Protesters in Belarus have been forced to resort to privacy apps
VPN apps employ various techniques to mask the user’s IP address and encrypt user data, letting users bypass restrictions and access online services and websites in a secure and private manner. Unfortunately, most of the VPN apps out there in the market today are centralized systems, plagued by unique issues of their own. Logging of user data, inadvertent VPN leaks, even selling off user data for the purpose of monetization – the list is significant and alarming. Add to that the risk of data hacks and server failures, which are banes of all centralized systems.
The year 2020 has seen a new trend – decentralized VPN applications, based on a peer-to-peer network of blockchain nodes. Such networks function without any central overseeing authority. Even if some of the nodes go down, the normal functioning of the VPN service doesn’t get affected. While projects have been working in the decentralized internet space from 2017, it’s only this year that we’re seeing their efforts bear fruit.

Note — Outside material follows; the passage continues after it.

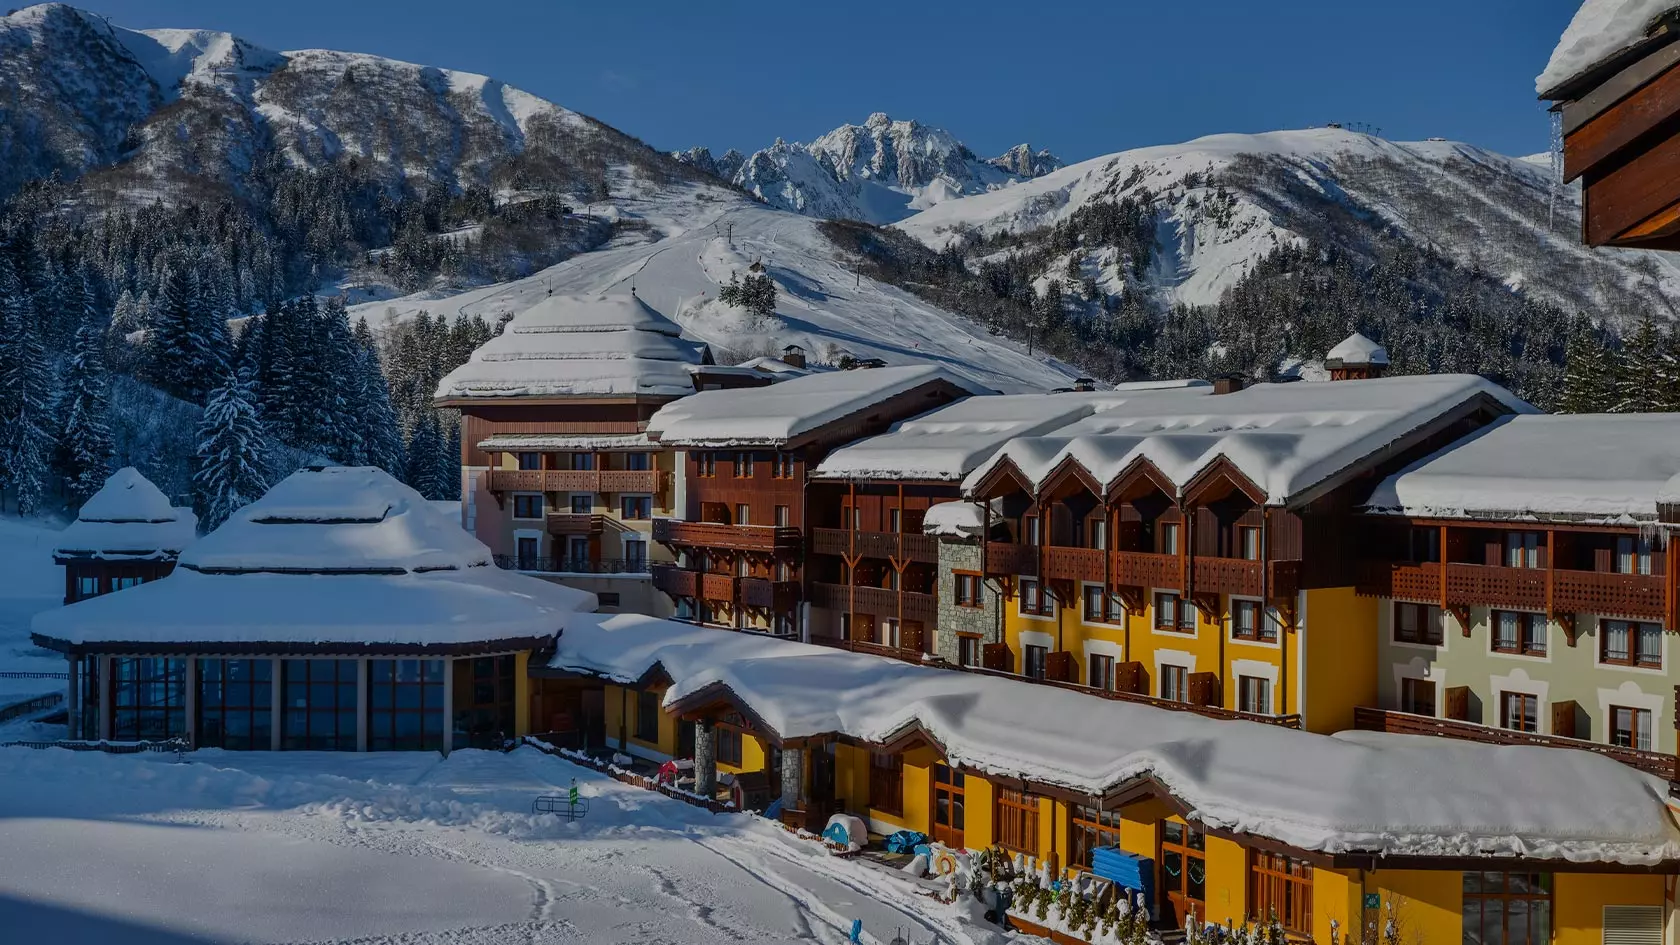 Club Med Villages de Neve | Resorts na Europa e Canadá | Litoral Verde

In this article, we look at a couple of decentralized VPN apps, and see how they compare against conventional centralized VPN services and other traditional privacy-safeguarding options like Tor and SSR.
NordVPN
NordVPN is one of the most popular names when it comes to centralized VPN services available in the market today. The app is available for iOS, Android, macOS, Windows, Android TV and Linux platforms, and can support upto 6 simultaneous connections. Operating 5,500+ servers in 58 countries (as of August, 2020), NordVPN employs military-grade 256-bit AES encryption with SHA384 authentication algorithm.
NordVPN offers a proprietary VPN protocol called NordLynx, which was launched in Q2, 2020. An extension of WireGuard, NordVPN claims that NordLynx is more efficient, simpler, easier to audit, and much faster than traditional choices like OpenVPN and IKEv2/IPsec, both of which are also offered by the app. WireGuard, however, assigns users with a static IP address, which requires storing user data on the VPN server.
A recent addition to NordVPN’s app is CyberSec, which blocks ads, malware, and phishing threats. NordVPN also offers the Onion over VPN feature, where user traffic is first routed through NordVPN's own network, then directed over the Onion network, and finally on to its actual destination. This feature makes it extremely difficult for anyone to trace any action back to the user, but it also slows the service down.
Users have to be careful about their choice of device, as some features that are available on the desktop app aren’t available in the mobile apps, and vice versa. For example, split tunneling, which allows users to disable the VPN for selected apps, is available in the Android app but not in the Windows app. On the other hand, the Windows version has an option for double VPN servers, but the Android app does not.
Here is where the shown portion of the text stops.